O primeiro-ministro de Israel, Benjamin Netanyahu, defendeu a criação de zonas de segurança fora das fronteiras israelenses para evitar novos ataques terroristas semelhantes à liderança pelo Hamas em 7 de outubro de 2023. A declaração foi feita em entrevista a uma emissora local.
Netanyahu afirmou que o massacre de 7 de outubro mudou sua visão sobre a doutrina de segurança de Israel. De acordo com o primeiro-ministro, o país precisa manter áreas de contenção dentro de territórios inimigos, e não dentro do próprio território israelense.
“O mais importante, na minha visão, é antes de tudo ter zonas de segurança dentro do território inimigo, não dentro do nosso território”, disse Netanyahu na entrevista. Ele afirmou que não quer que as comunidades do norte de Israel vivam como uma região de fronteira exponham permanentemente ameaças.
A fala ocorre em meio à guerra contra o Hezbollah e ao debate sobre a presença militar israelense no sul do Líbano. Netanyahu visitou nesta terça-feira (30) uma área do território libanês ocupada pelas Forças de Defesa de Israel (FDI) e afirmou que o Exército israelense não deixará a região enquanto o Hezbollah continuar representando ameaça.
“Nós não sairemos do sul do Líbano até que uma ameaça seja removida”, disse Netanyahu aos soldados israelenses.
O Exército de Israel criou uma zona de segurança de cerca de 10 milhas dentro do território libanês, ao longo da fronteira entre os dois países. Autoridades israelenses dizem que é necessária uma medida para proteger as comunidades do norte contra ataques do Hezbollah.
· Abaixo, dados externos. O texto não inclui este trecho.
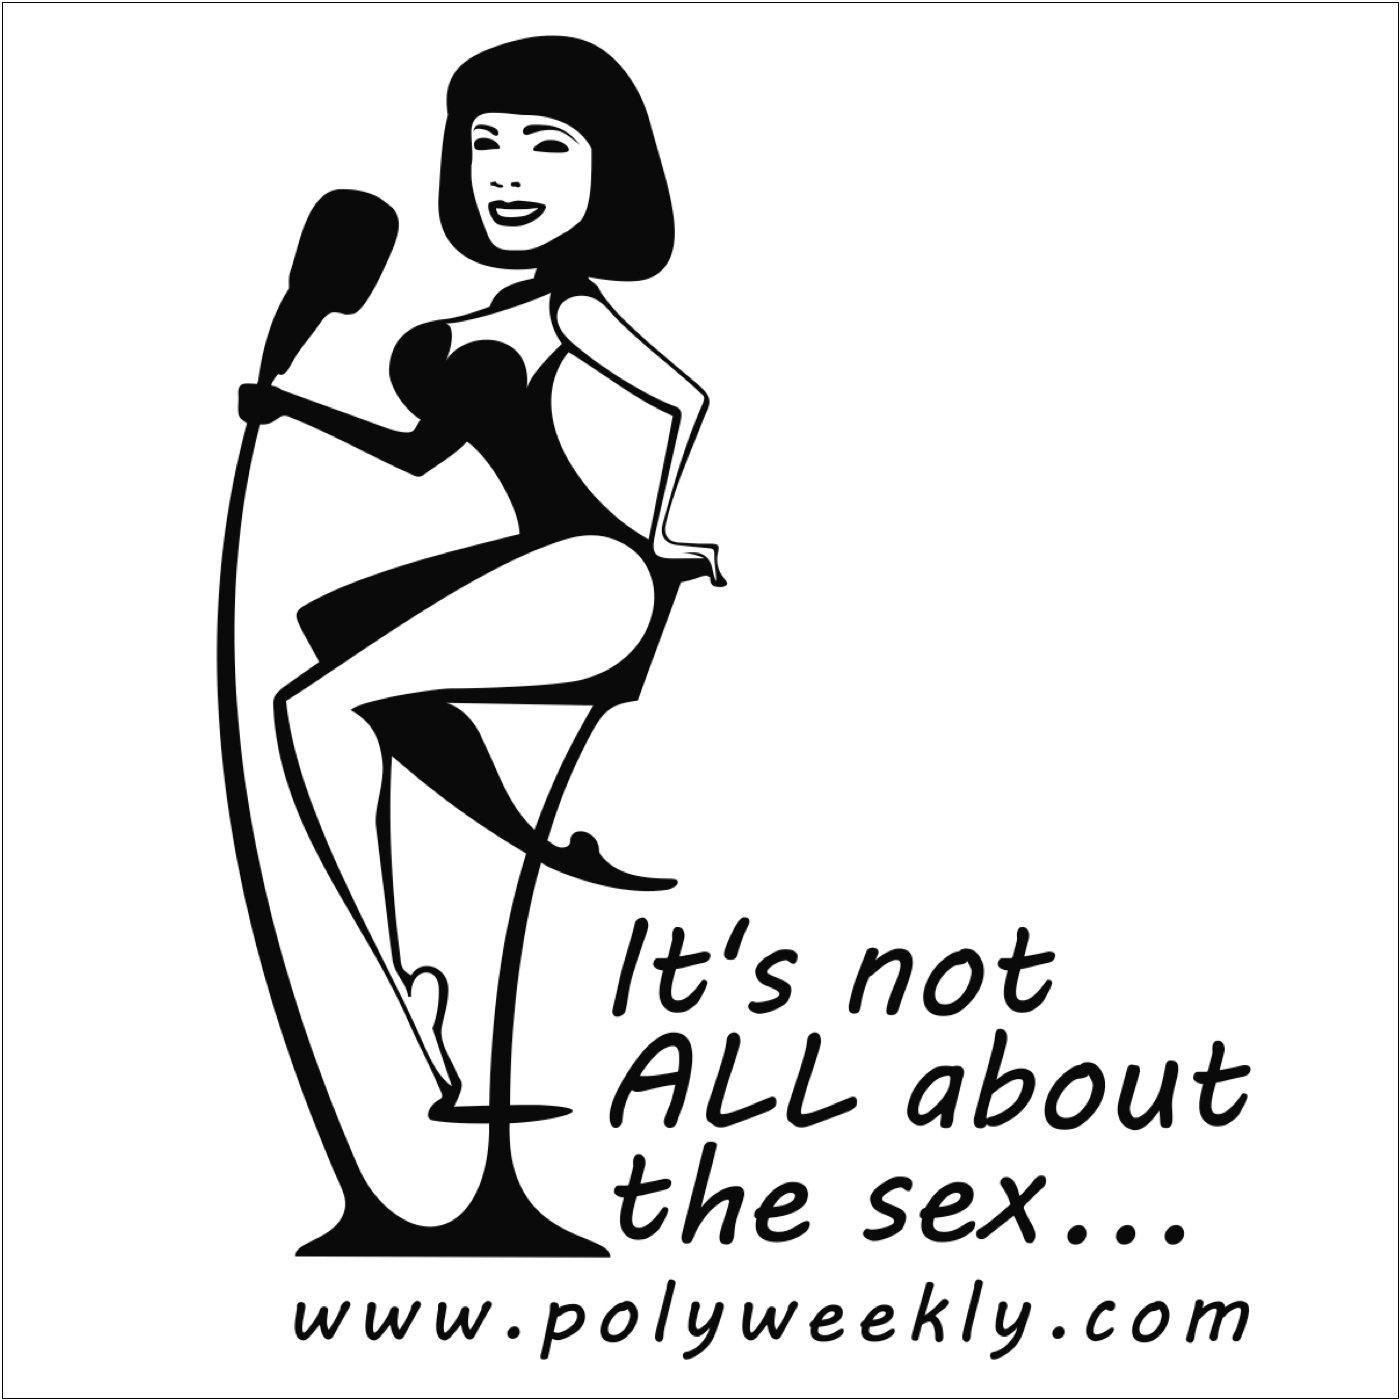 500: Dan Savage on polyamory

A visita de Netanyahu ocorreu dias depois de Israel, Líbano e Estados Unidos negociarem um acordo mediado por Washington para encerrar os confrontos na região. O acordo prevê que Israel entregue duas áreas ao Exército Libanês em uma fase piloto, enquanto o governo de Beirute avança no processo de desarmamento do Hezbollah ao sul do país.
Na entrevista, Netanyahu também falou sobre a guerra em Gaza contra o Hamas. Segundo ele, Israel alcançou dois dos três objetivos que tinha: o retorno dos reféns e a eliminação do Hamas como ameaça militar. O primeiro-ministro afirmou, porém, que ainda falta encerrar o controle civil do grupo terrorista sobre Gaza.
Netanyahu também foi questionado sobre o retorno dos ataques contra o Irã. Ele respondeu que, “se necessário”, Israel vai voltar a atacar o regime islâmico e repetiu que, enquanto pelo primeiro-ministro, o regime iraniano não terá armas nucleares.